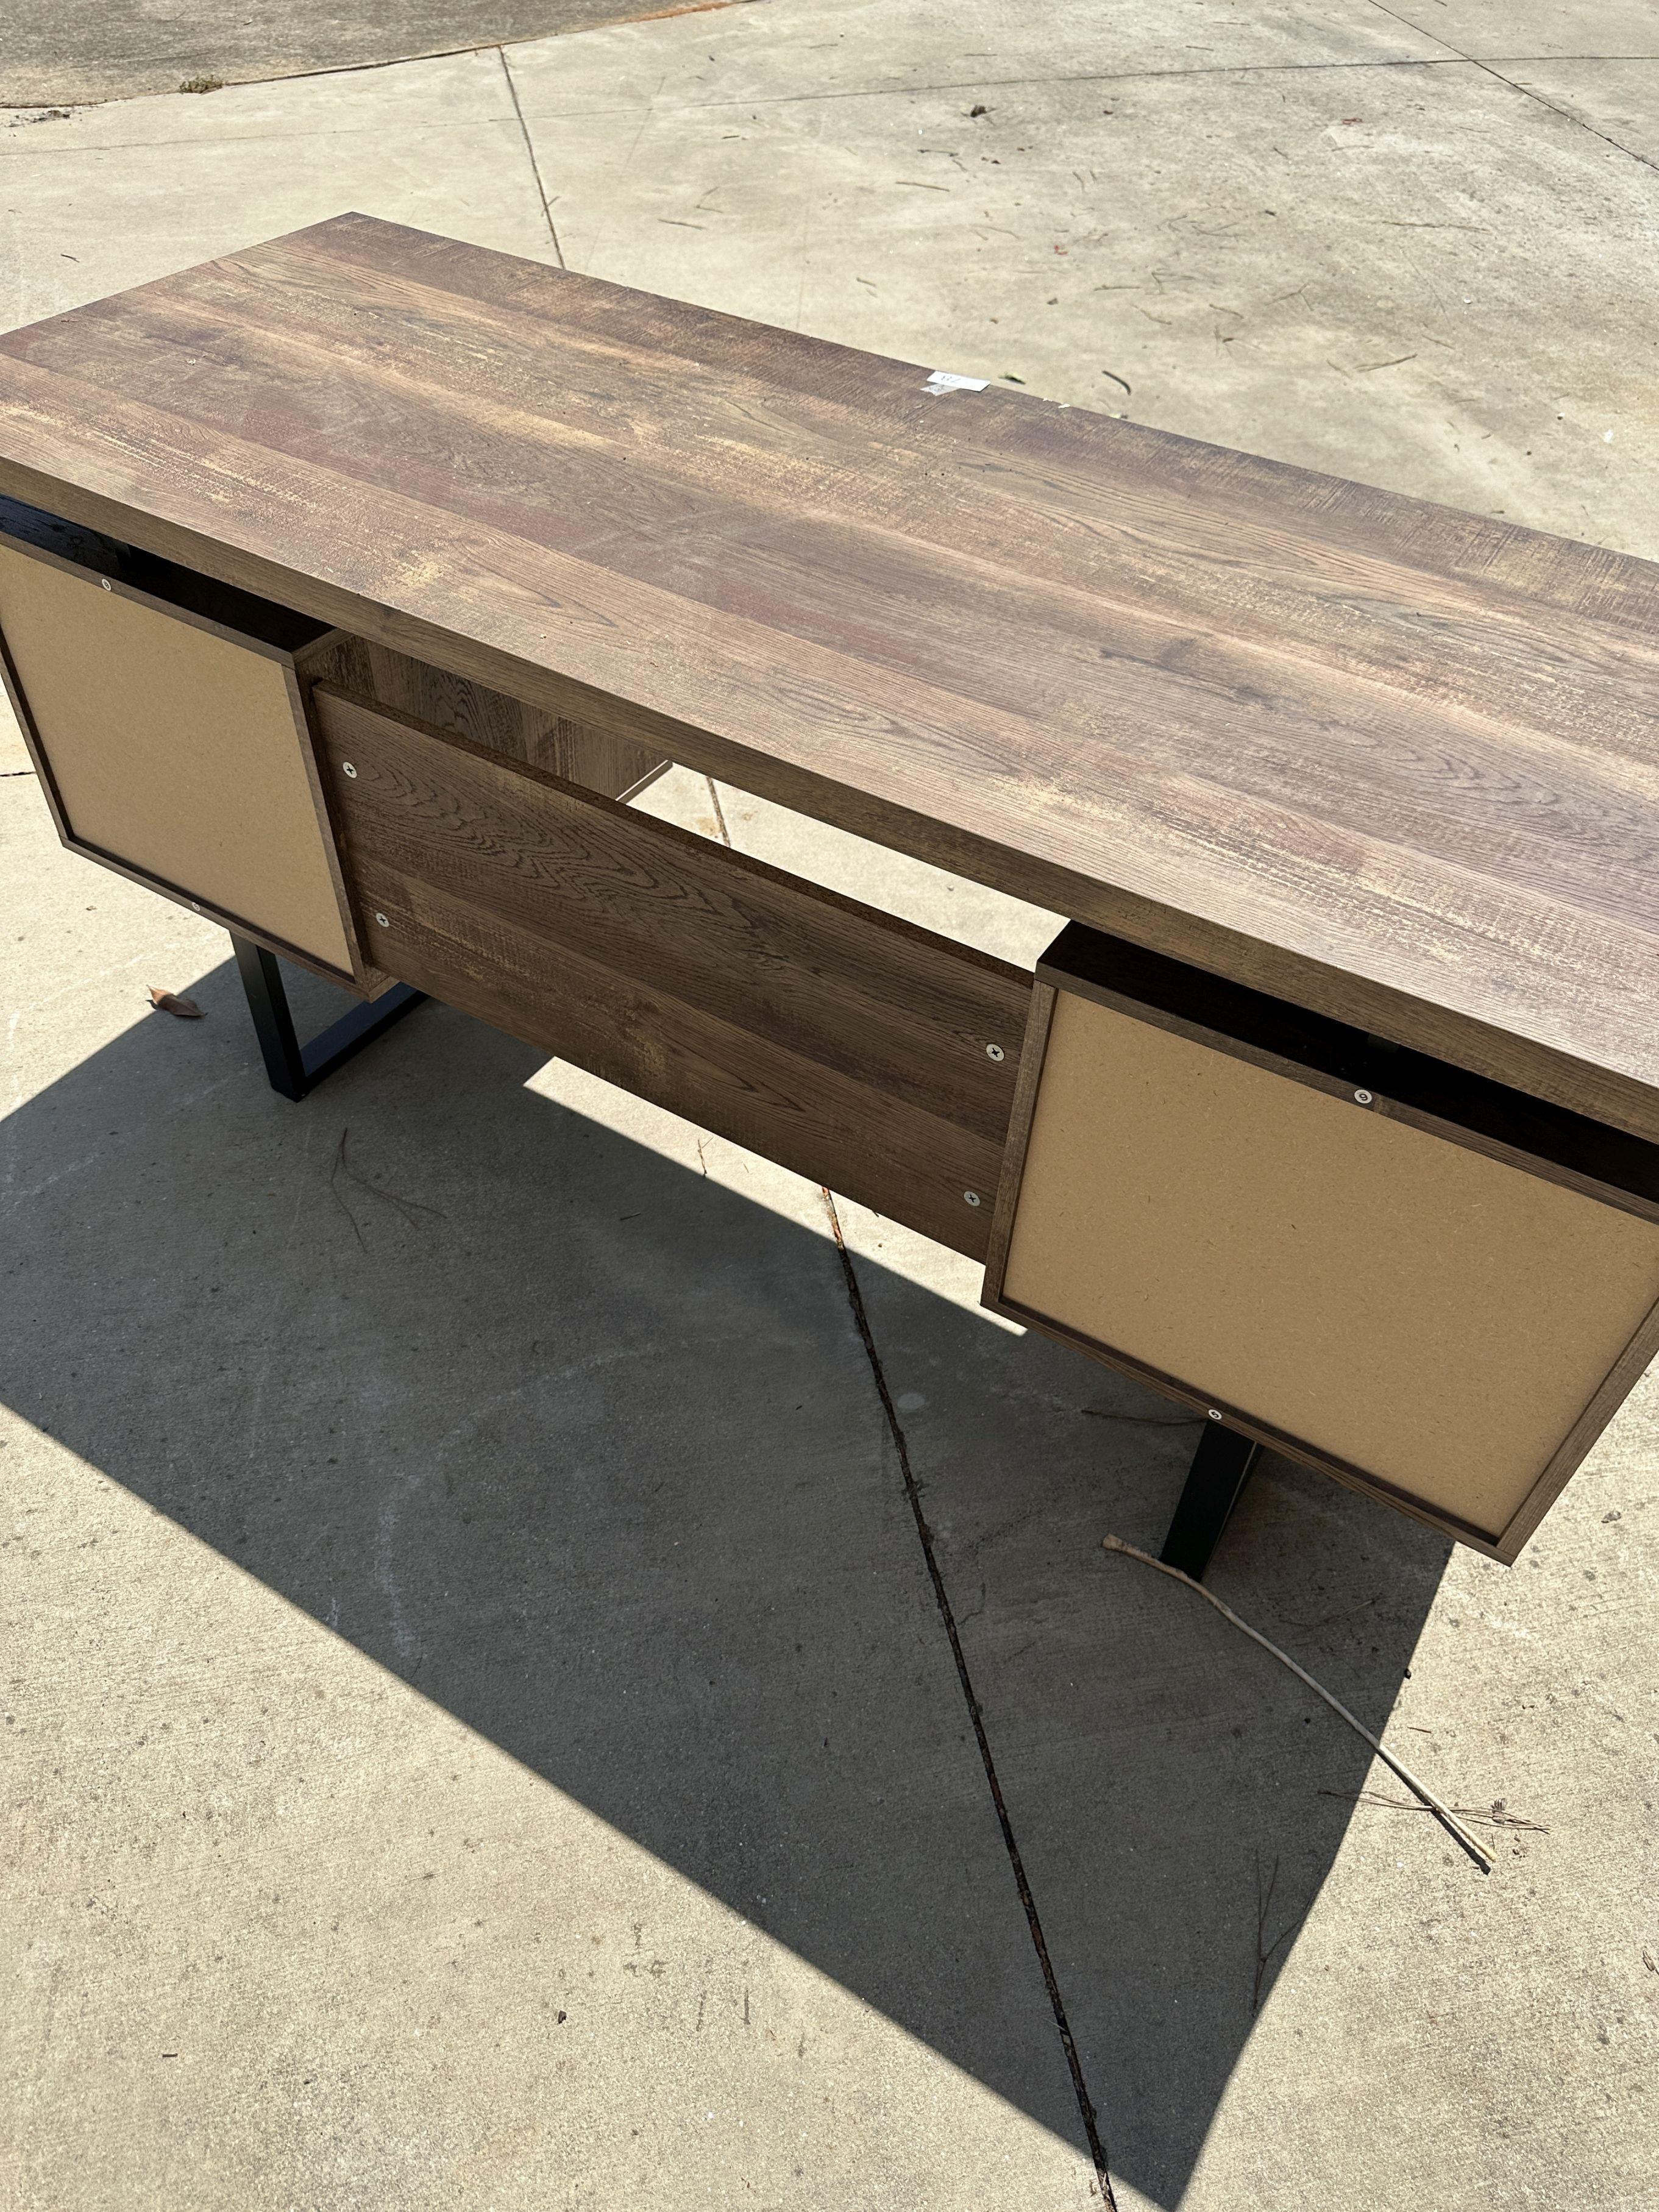 Large Wooden 3 Drawer Desk (Local Pick Up Only)
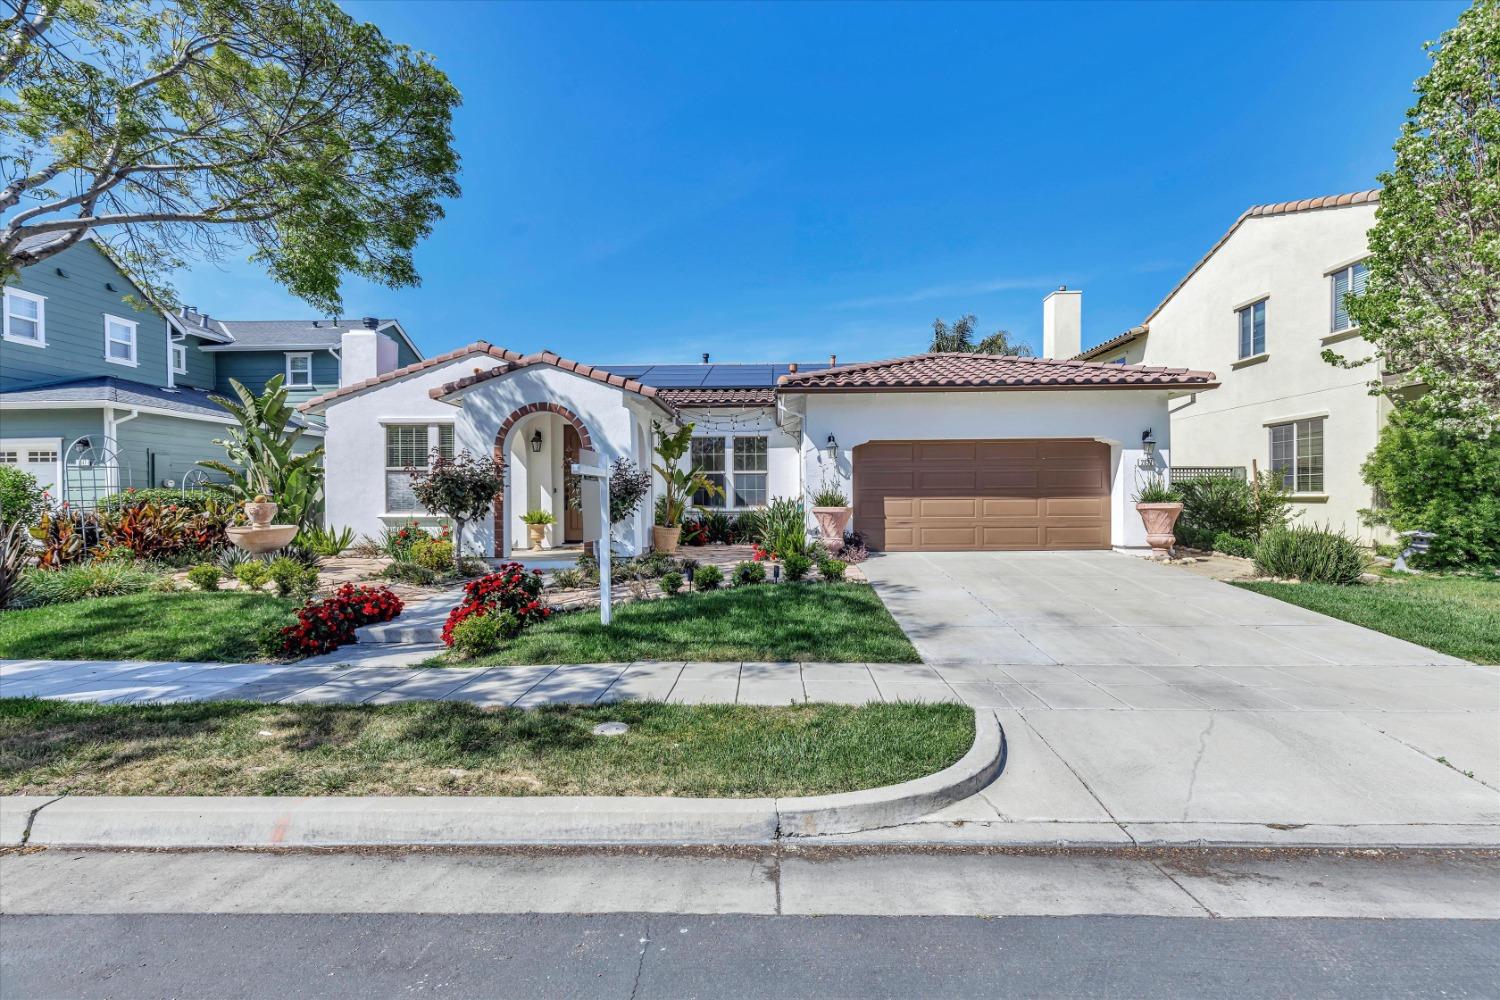 Photo of 2837 Green Haven Dr in Tracy, CA
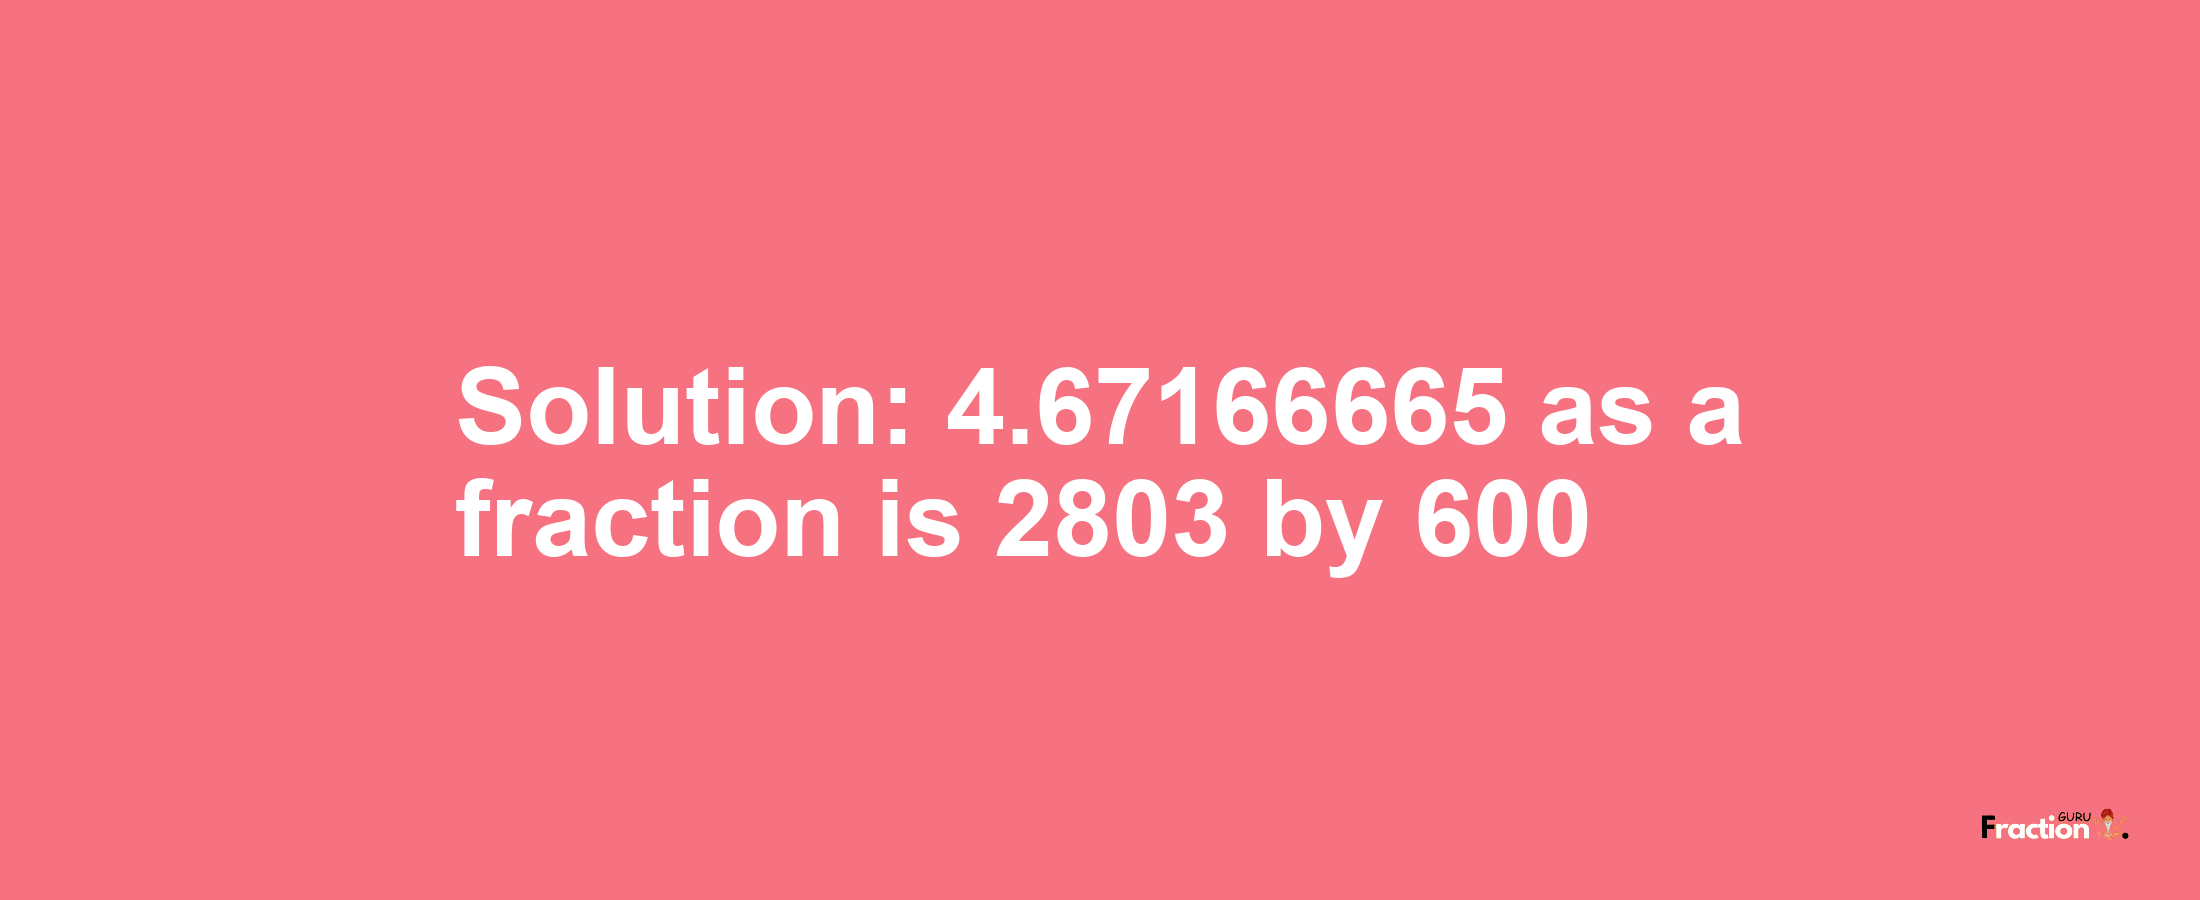 Solution:4.67166665 as a fraction is 2803/600
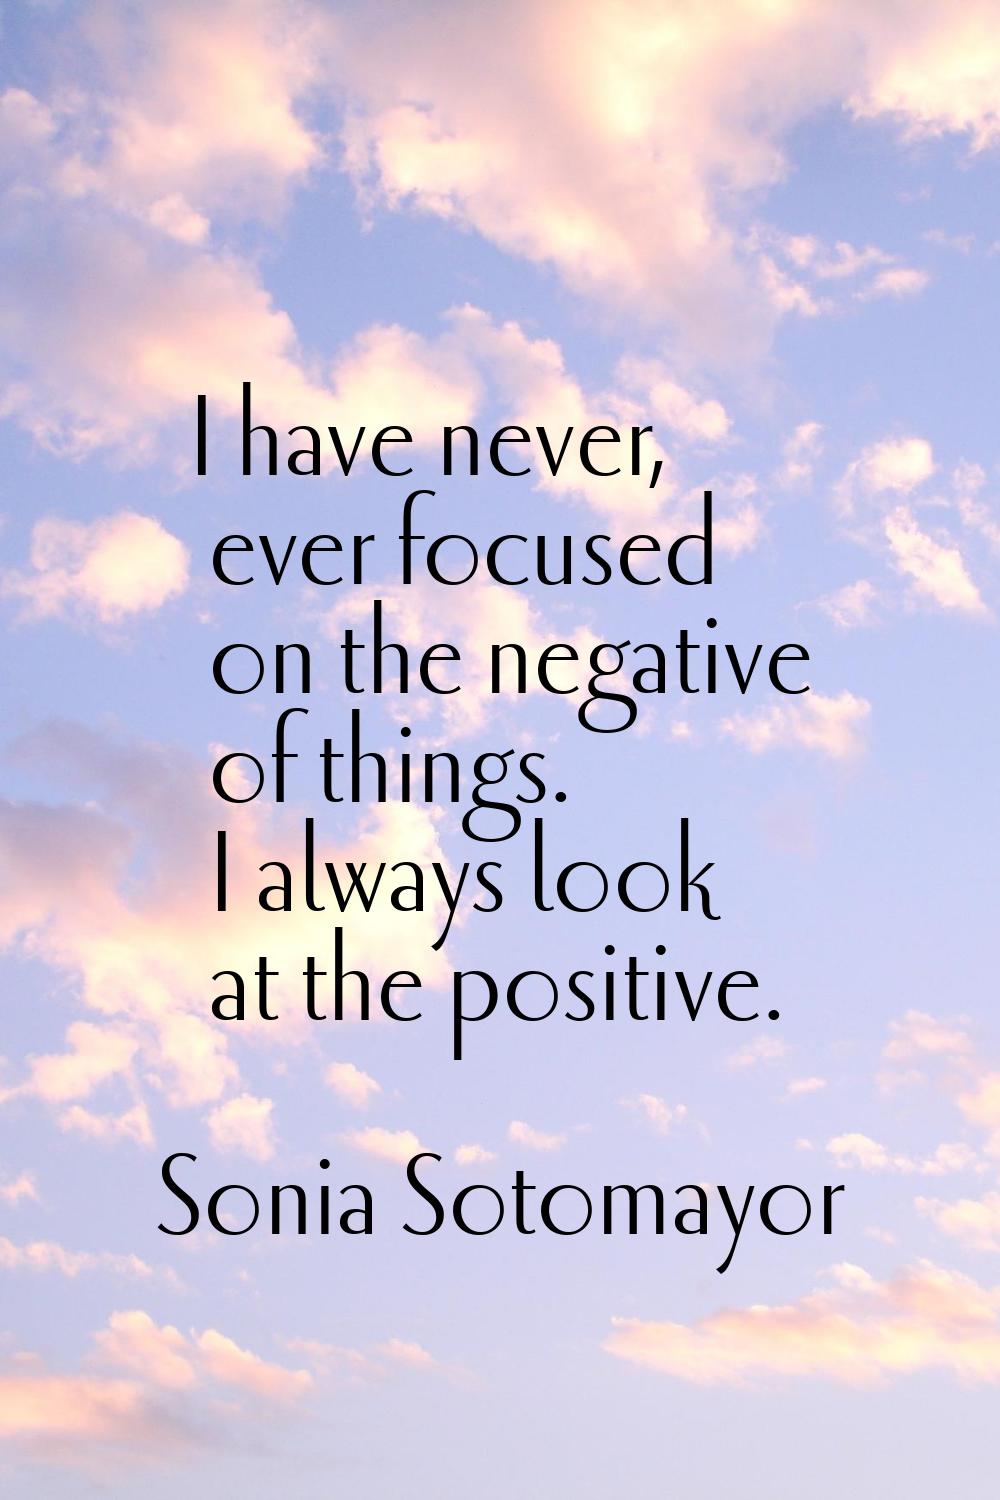 I have never, ever focused on the negative of things. I always look at the positive.

What the exercise asks ▸
A word-for-word copy of the lines from the one with "Solution:4.67166665 as a" through the final line of the listing above is the whole answer, and it contains no pictures.

Your response ▸
 Solution:4.67166665 as a fraction is 2803/600
 I have never, ever focused on the negative of things. I always look at the positive.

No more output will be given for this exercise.